The theme if the unFringed(sic) this year was 'Love'.
Perhaps intended as an antidote to the general doom and gloom of the recession, the festival organisers invited practitioners to celebrate the big 'L' in all it's forms: I suppose the intention behind this to use the Arts to focus our minds on what is truly important to us now that we don't have money anymore.
'Love,' 'Love', 'Love' and there I am at the show on my ownie lonely ownself.
Why did the theme of this years fringe festival have to be 'Love'?
Christ.
I mean its a nice idea to remind people, (who aren't perhaps as fiscally sound as they'd hoped,) that there is love in their lives, but it's pretty hard on those of us whose material wealth AND ability to build long-lasting relationships can be summed up as:
"One small cat: deceased."
So I guess I'm tryin' to say that I found the whole 'love' angle a little hard going betimes. Thankfully though, it really only was the theme of two shows that I went to. One of those shows is the subject for today and that's
'Her name was Pamela Mooney'
Her name was Pamela Mooney- Yay!
A premiere- Yay!
Directed by Local Person Yay!
And so it began.
There they were waiting for us in the theatre with their happy smiling welcoming faces and their children's television presenters outfits, they handed out 'love-heart' sweets, and party balloons and asked my name;
"My name is fuck off! I'm just tryin' to watch some theatre as unobtrusively as possible so that nobody notices the aura of self contempt and failure that hangs about my person like the stale-smell of a life gone rotten and a soul dying!"*Sob*
is not what I said; what I said was:
"My name's Darren"
I got a balloon and I got to play the old schoolyard game where a girl uses the secret knowledge of origami and my favorite colour and number to determine the name of my future life partner.
Kill me now.
Even better, I get to be connected across the seats by a paper chain to a young lady and then introduced!
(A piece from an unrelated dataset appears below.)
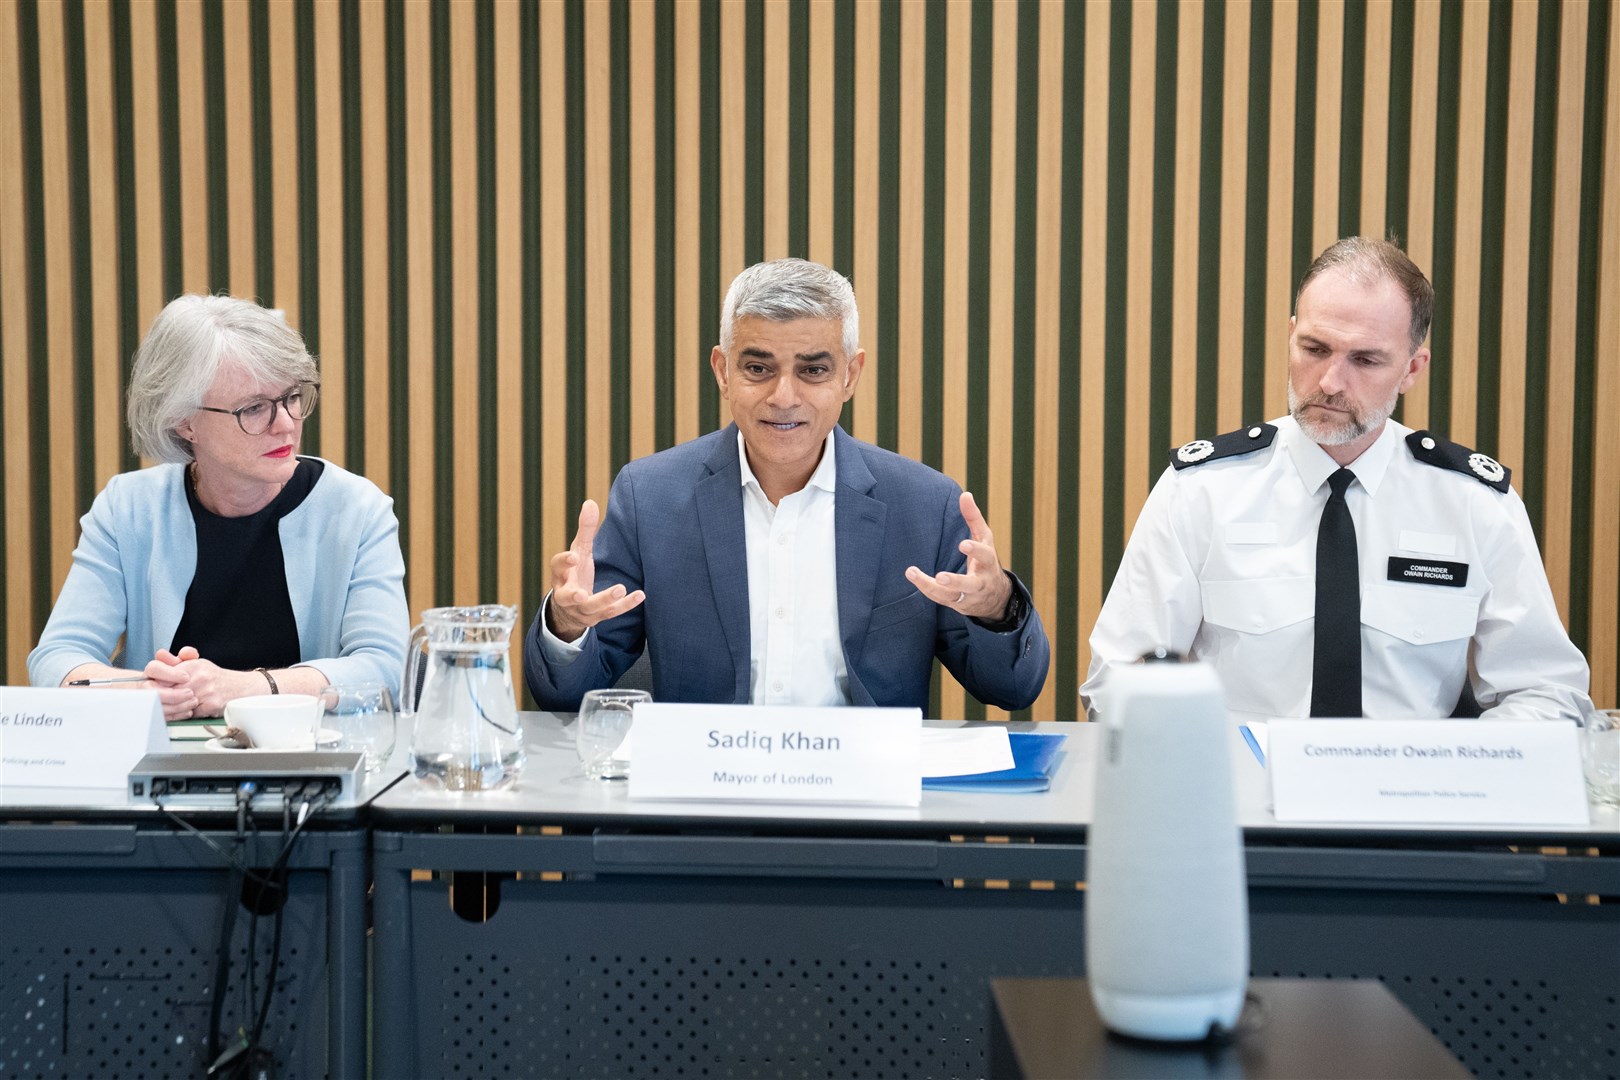 Mayor of London Sadiq Khan at a multifaith roundtable with Jewish and Muslim faith leaders at City Hall in London (Stefan Rousseau/PA)
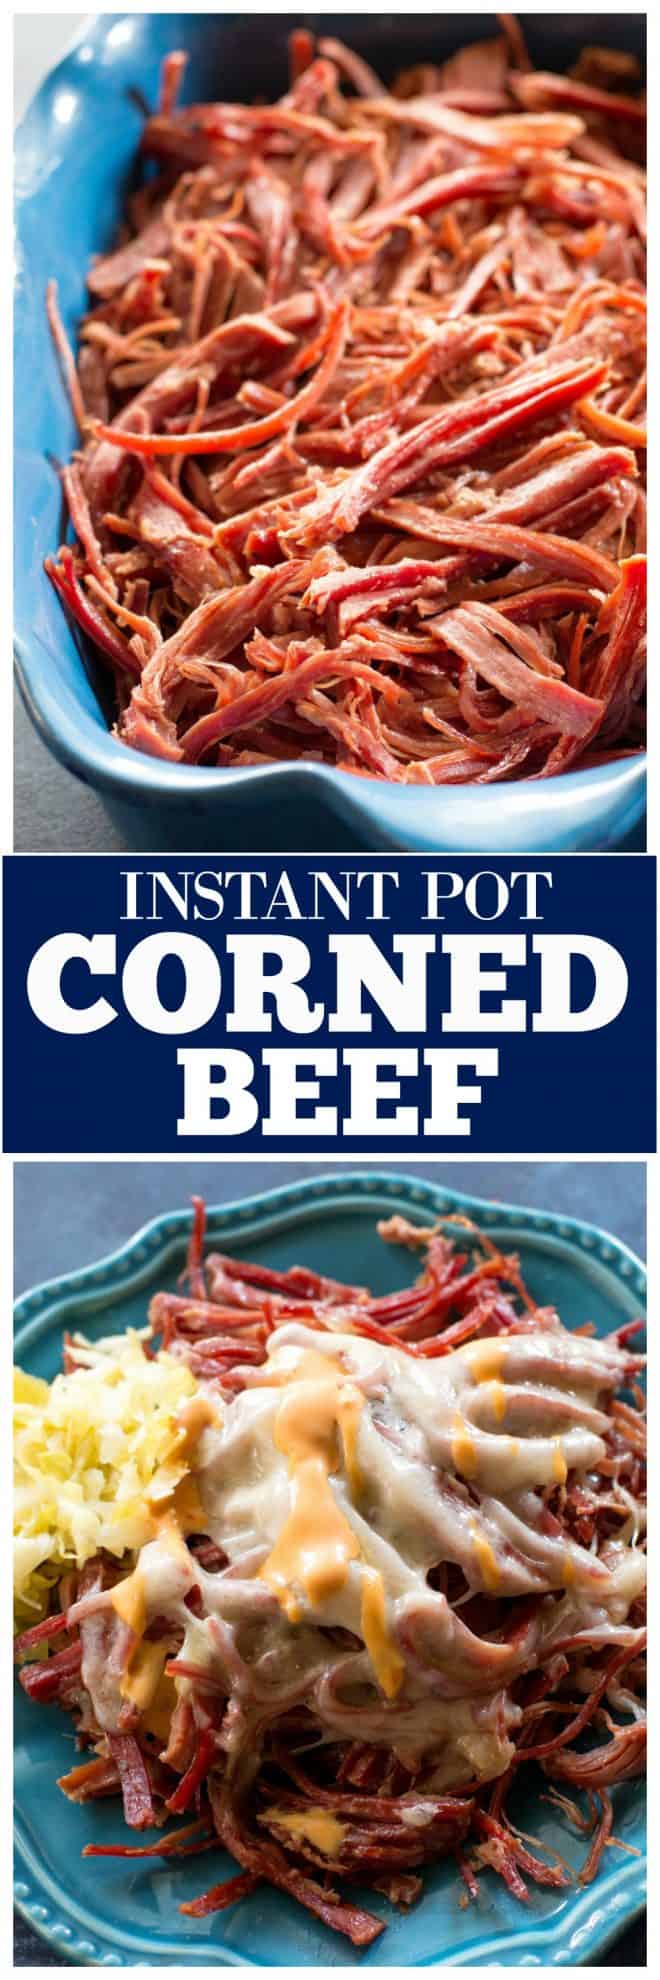 Instant Pot Corned Beef - The Girl Who Ate Everything

What larks, maybe we shall fall in love!- wouldn't that make a great story!
Okay all these things happened, and it was a bit cringy but it was also a lot of fun and it's 'fringe theatre' so that's the way it rolls, I guess. It established the performers as 'hosts' and set the tone for the show which was clearly to be light, light, light.
And then everything went mad.
In a good way, mind you, in a good way... mostly.
There was a lot of building up, and messing up, and cleaning up,
with the props. Some of it might have made a sort of sense, but a lot of it went right over my noggin.
As promised in the prologue and programme, we were treated to a series of re-enacted anecdotes based on real peoples' recollection of their early crushes and emotional awakenings.
Personally, even though, at this particular moment in time in my life, I believe in Love like I believe in leprechauns: I do adore these type of stories. I would probably have enjoyed them immensely just from source, but I was in for an extra treat.
The various different stories were recreated for us in various different ways,
An actor alone, actors performing the same speech simultaneously, slow and measured, wild and frantic, interrupted by different stories interrupted by seven kinds of shite being dumped on their heads... They were amazing.
It was over too soon, which is always a good sign. Personally, I would've enjoyed more of the stories and less of the clowning, but, as I said I love them stories me.
If I was to have one big niggle, (and I must have my niggles) then I would say this:
'Look how far you've come' is an oft-repeated phrase throughout the show and there is a device of an elephant treading a silver path through the second half; this phrase and this elephant made me wonder if the stories themselves would be part of a bigger story arc that I could make sense of.
If it was anything like that there I never figured it out. Perhaps the people telling the stories got older, I'm not sure, but as they all referred to a period of immaturity it felt to me as if the order of stories could change every night without affecting the show in any significant way.
Over-all, as a play, it wasn't linear enough for my boring old brain but, 'what the heck- it's a 'fringe' festival', and although the bright costumes and jolly jolly tone does not draw attention to the acting in the way that a dark or emotive play might, this was far and away the most difficult and competently executed piece of straight acting that I saw out of the six shows that I attended.
So Pontoon theatre;
thank you guys
You get all my Love.
Directed by Naomi O'Kelly.
Actors names not included in the programme.